Model

class hhpy.modelling.Model(model: Any = None, name: str = 'pred', X_ref: Union[Sequence[T_co], int, float, str, bytes, None, AbstractSet[T_co]] = None, y_ref: Union[Sequence[T_co], int, float, str, bytes, None, AbstractSet[T_co]] = None, groupby: Union[Sequence[T_co], int, float, str, bytes, None, AbstractSet[T_co]] = None)[source]

Bases: hhpy.main.BaseClass

A unified modeling class that is extended from sklearn, accepts any model that implements .fit and .predict

Parameters:
  • model – Any model object that implements .fit and .predict
  • name – Name of the model, used for naming columns [optional]
  • X_ref – List of features (predictors) used for training the model
  • y_ref – List of labels (targets) to be predicted
  • groupby – The columns used for grouping, passed to pandas.DataFrame.groupby [optional]

Methods Summary

fit(X, numpy.ndarray, Sequence[T_co], int, …) generalized fit method extending on model.fit
predict(X, numpy.ndarray, Sequence[T_co], …) Generalized predict method based on model.predict

Methods Documentation

fit(X: Union[pandas.core.frame.DataFrame, numpy.ndarray, Sequence[T_co], int, float, str, bytes, None, AbstractSet[T_co]] = None, y: Union[pandas.core.frame.DataFrame, numpy.ndarray, Sequence[T_co], int, float, str, bytes, None, AbstractSet[T_co]] = None, df: pandas.core.frame.DataFrame = None, dropna: bool = True, X_test: Union[pandas.core.frame.DataFrame, numpy.ndarray, Sequence[T_co], int, float, str, bytes, None, AbstractSet[T_co]] = None, y_test: Union[pandas.core.frame.DataFrame, numpy.ndarray, Sequence[T_co], int, float, str, bytes, None, AbstractSet[T_co]] = None, df_test: pandas.core.frame.DataFrame = None, groupby: Union[Sequence[T_co], int, float, str, bytes, None, AbstractSet[T_co]] = None, k: int = 0) → None[source]

generalized fit method extending on model.fit

Parameters:
  • X – The feature (predictor) data used for training as DataFrame, np.array or column names
  • y – The label (target) data used for training as DataFrame, np.array or column names
  • df – Pandas DataFrame containing the training data, optional if array like data is passed for X/y
  • dropna – Whether to drop rows containing NA in the training data [optional]
  • X_test – The feature (predictor) data used for testing as DataFrame, np.array or column names
  • y_test – The label (target) data used for testing as DataFrame, np.array or column names
  • df_test – Pandas DataFrame containing the testing data, optional if array like data is passed for X/y test
  • groupby – The columns used for grouping, passed to pandas.DataFrame.groupby [optional]
  • k – index of the model to fit
Returns:

None

predict(X: Union[pandas.core.frame.DataFrame, numpy.ndarray, Sequence[T_co], int, float, str, bytes, None, AbstractSet[T_co]] = None, y: Union[pandas.core.frame.DataFrame, numpy.ndarray, Sequence[T_co], int, float, str, bytes, None, AbstractSet[T_co]] = None, df: pandas.core.frame.DataFrame = None, return_type: str = 'y', k_index: pandas.core.series.Series = None, groupby: Union[Sequence[T_co], int, float, str, bytes, None, AbstractSet[T_co]] = None, handle_na: bool = True, multi: Union[Sequence[T_co], int, float, str, bytes, None, AbstractSet[T_co]] = None) → Union[pandas.core.series.Series, pandas.core.frame.DataFrame][source]

Generalized predict method based on model.predict

Parameters:
  • X – The feature (predictor) data used for training as DataFrame, np.array or column names
  • y – The label (target) data used for training as DataFrame, np.array or column names
  • df – Pandas DataFrame containing the training and testing data.

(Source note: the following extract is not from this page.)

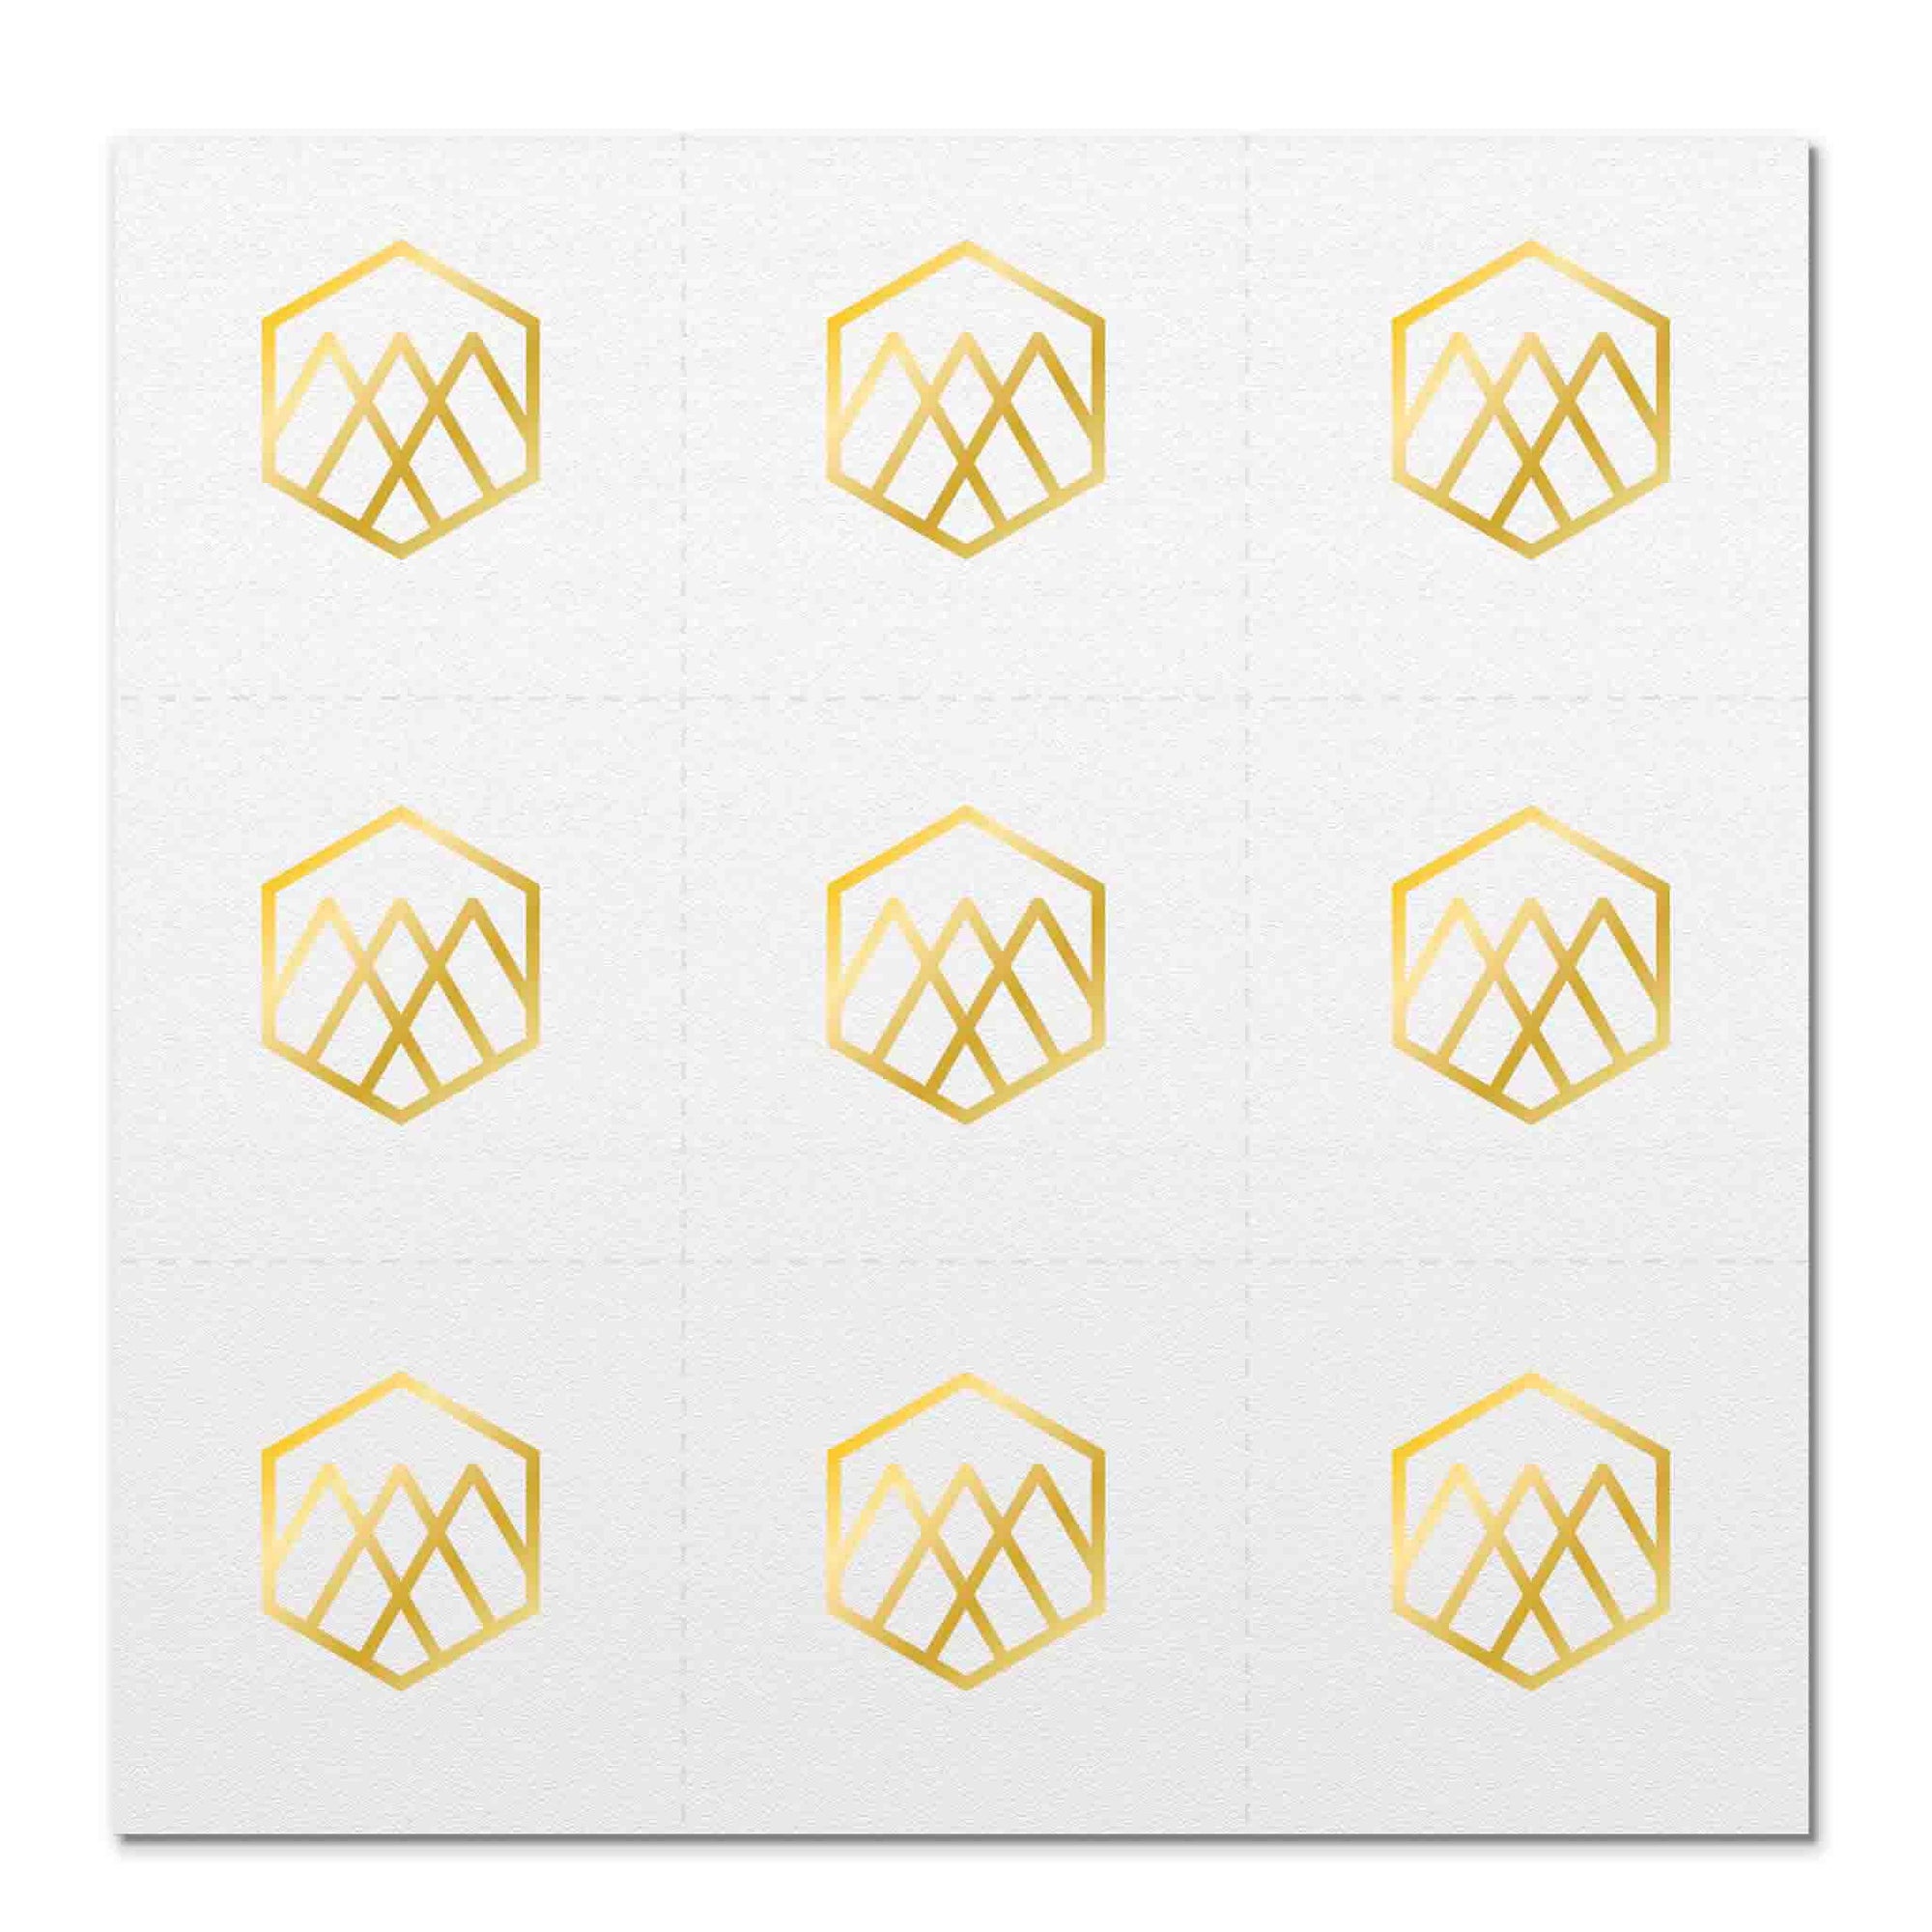 Front side page of Breathe (gold) mindful marks temporary mindfulness tattoo wearable reminders.

Can be saved to the Model object or supplied on an as needed basis.
  • return_type – one of [‘y’, ‘df’, ‘DataFrame’], if ‘y’ returns a pandas Series / DataFrame with only the predictions, if one of ‘df’,’DataFrame’ returns the full DataFrame with predictions added
  • k_index – If specified and model is k_cross split: return only the predictions for each test subset
  • groupby – The columns used for grouping, passed to pandas.DataFrame.groupby [optional]
  • handle_na – Whether to handle NaN values (prediction will be NaN) [optional]
  • multi – Postfixes to use for multi output models [optional]
Returns:

see return_type